■ EXTRACTED ENTRIES
<<<<

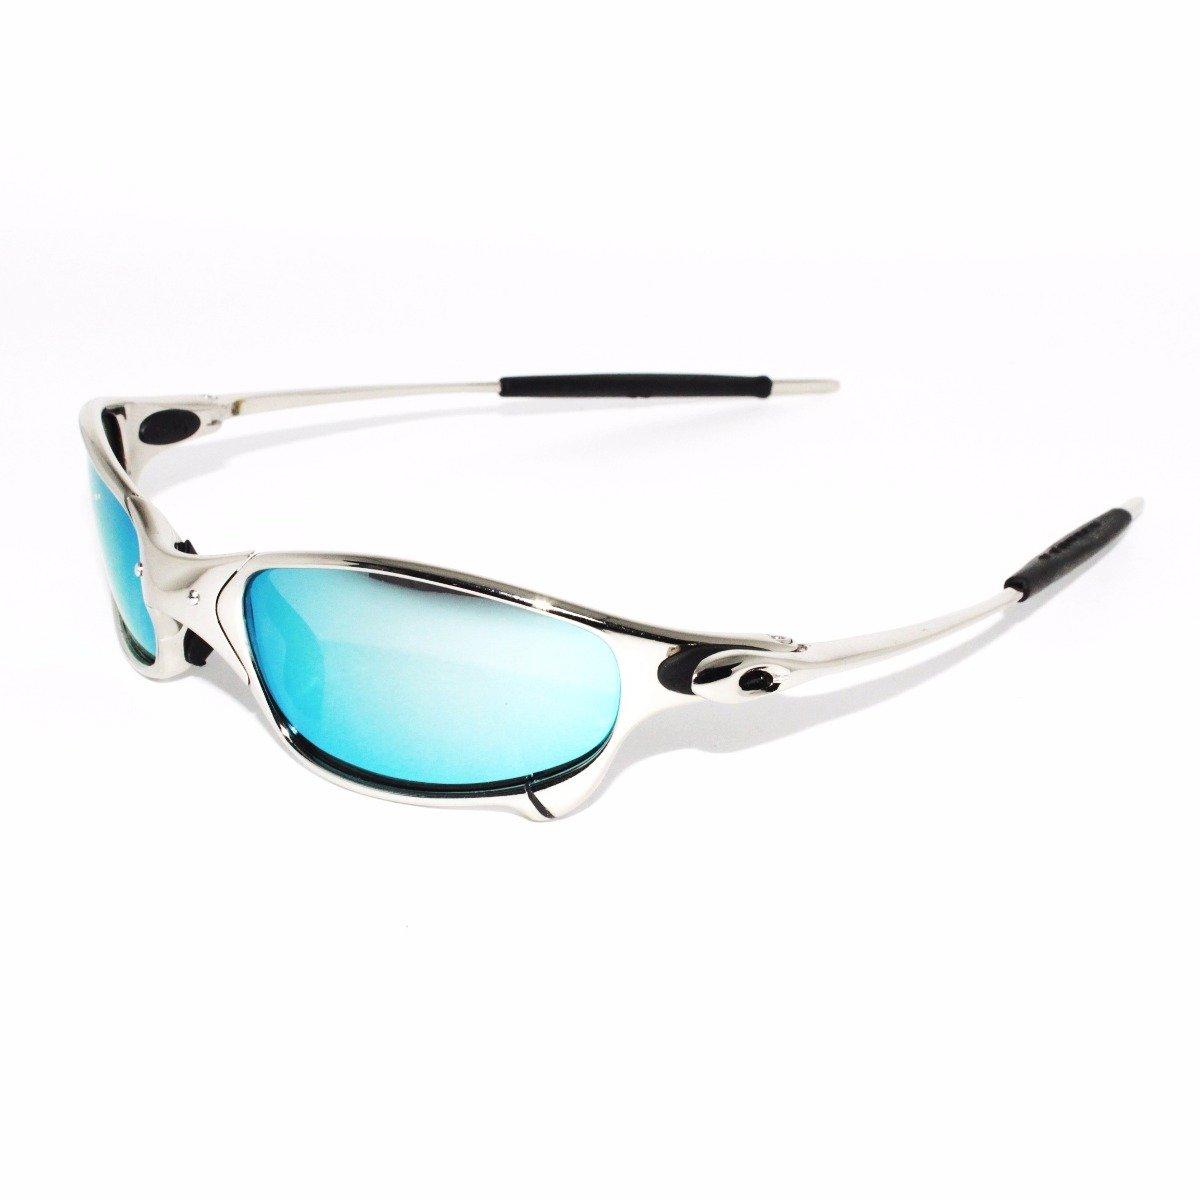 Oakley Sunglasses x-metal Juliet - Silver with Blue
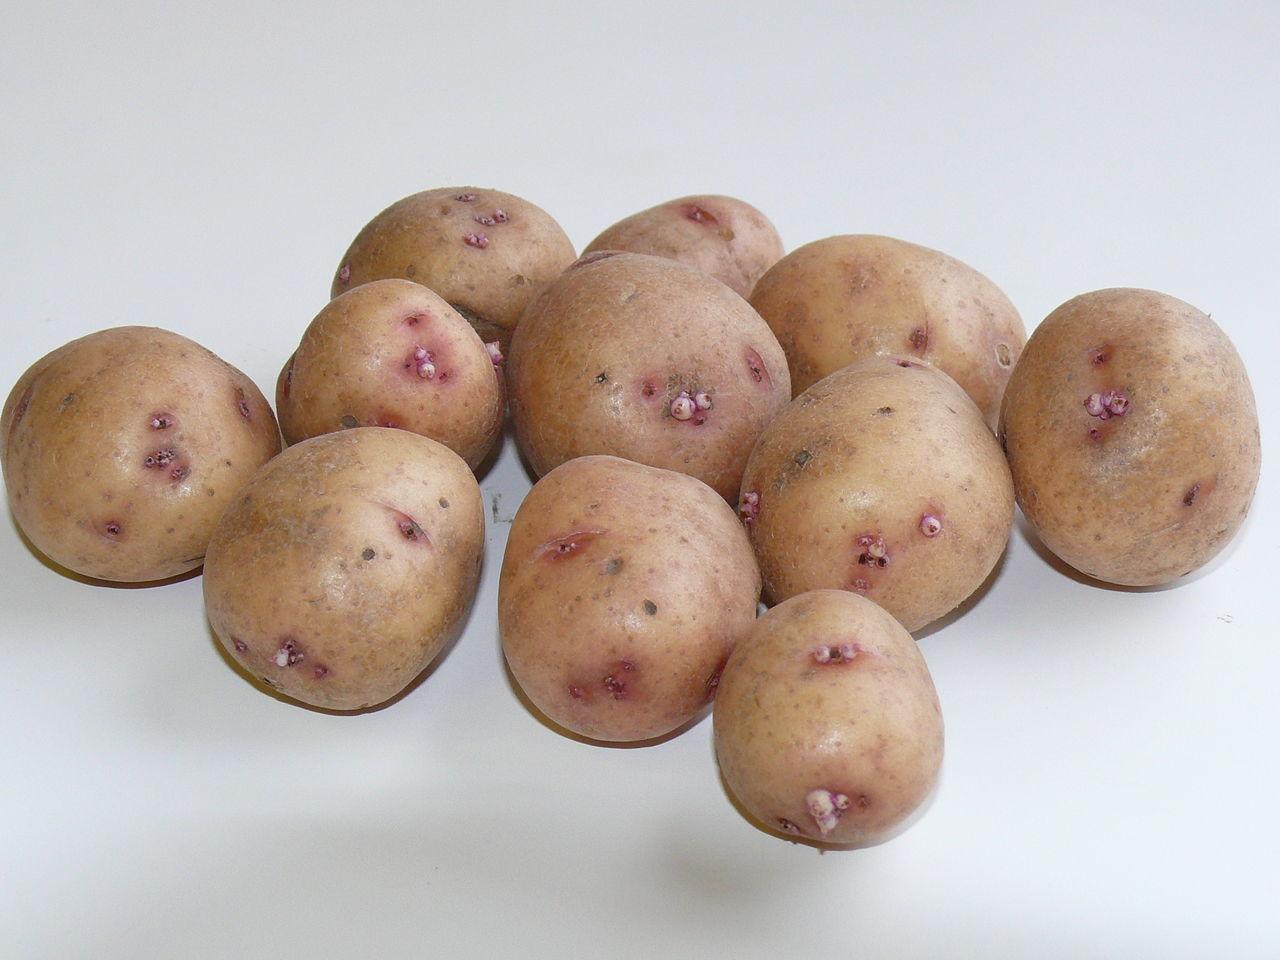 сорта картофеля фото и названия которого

>>>>
<<<<

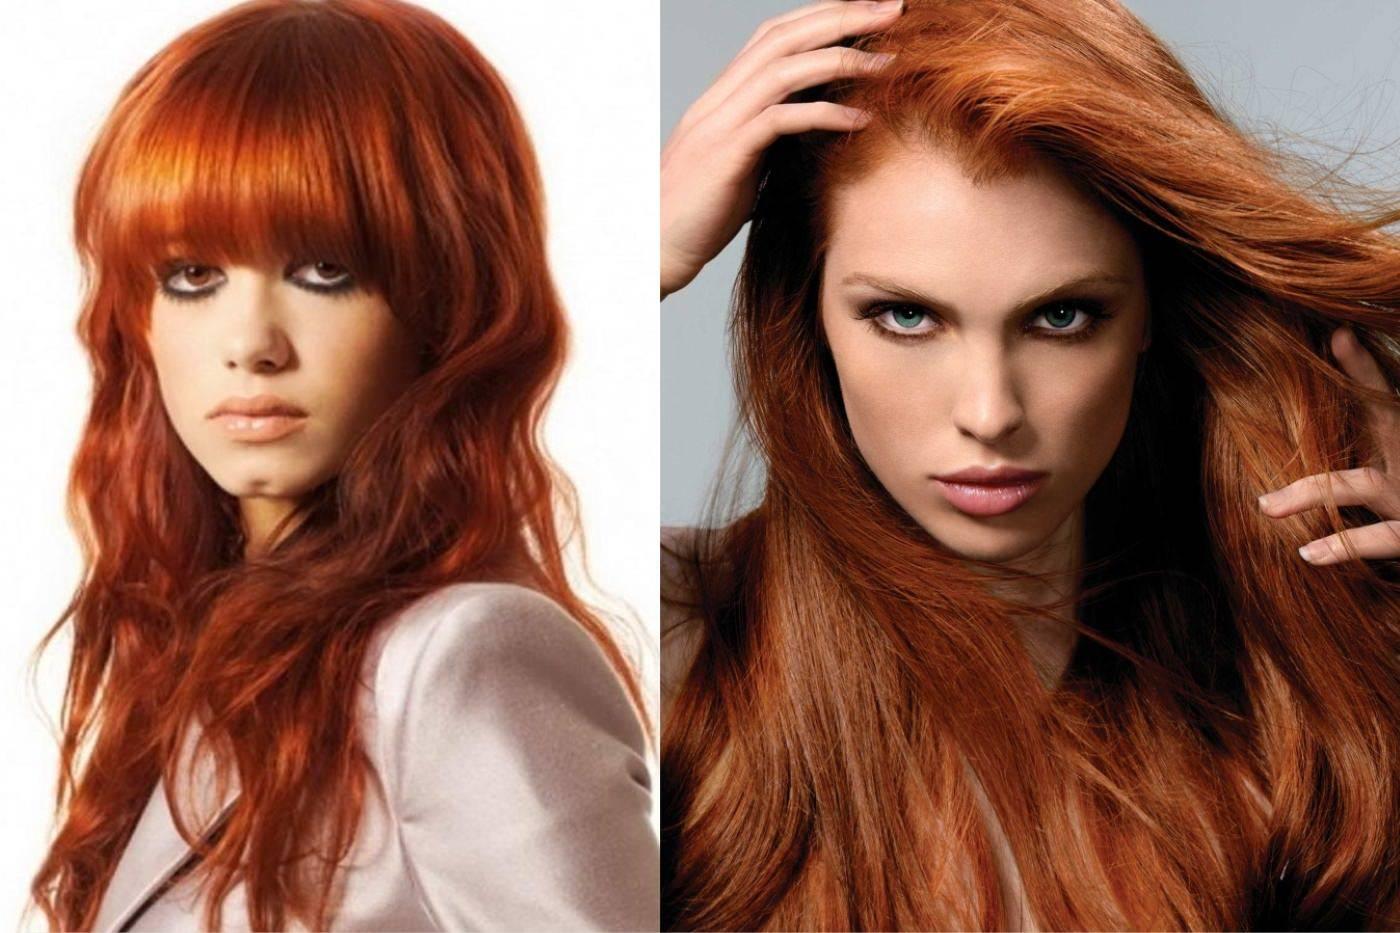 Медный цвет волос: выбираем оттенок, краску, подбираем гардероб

>>>>

■ PROBLEM TO WORK ON
Going by the entries above, repeat exactly the lines that start at the line with "Oakley Sunglasses x-metal" and go on through the line with "сорта картофеля фото и названия которого". Pictures are not part of the copy.

■ REPLY
 Oakley Sunglasses x-metal Juliet - Silver with Blue
 сорта картофеля фото и названия которого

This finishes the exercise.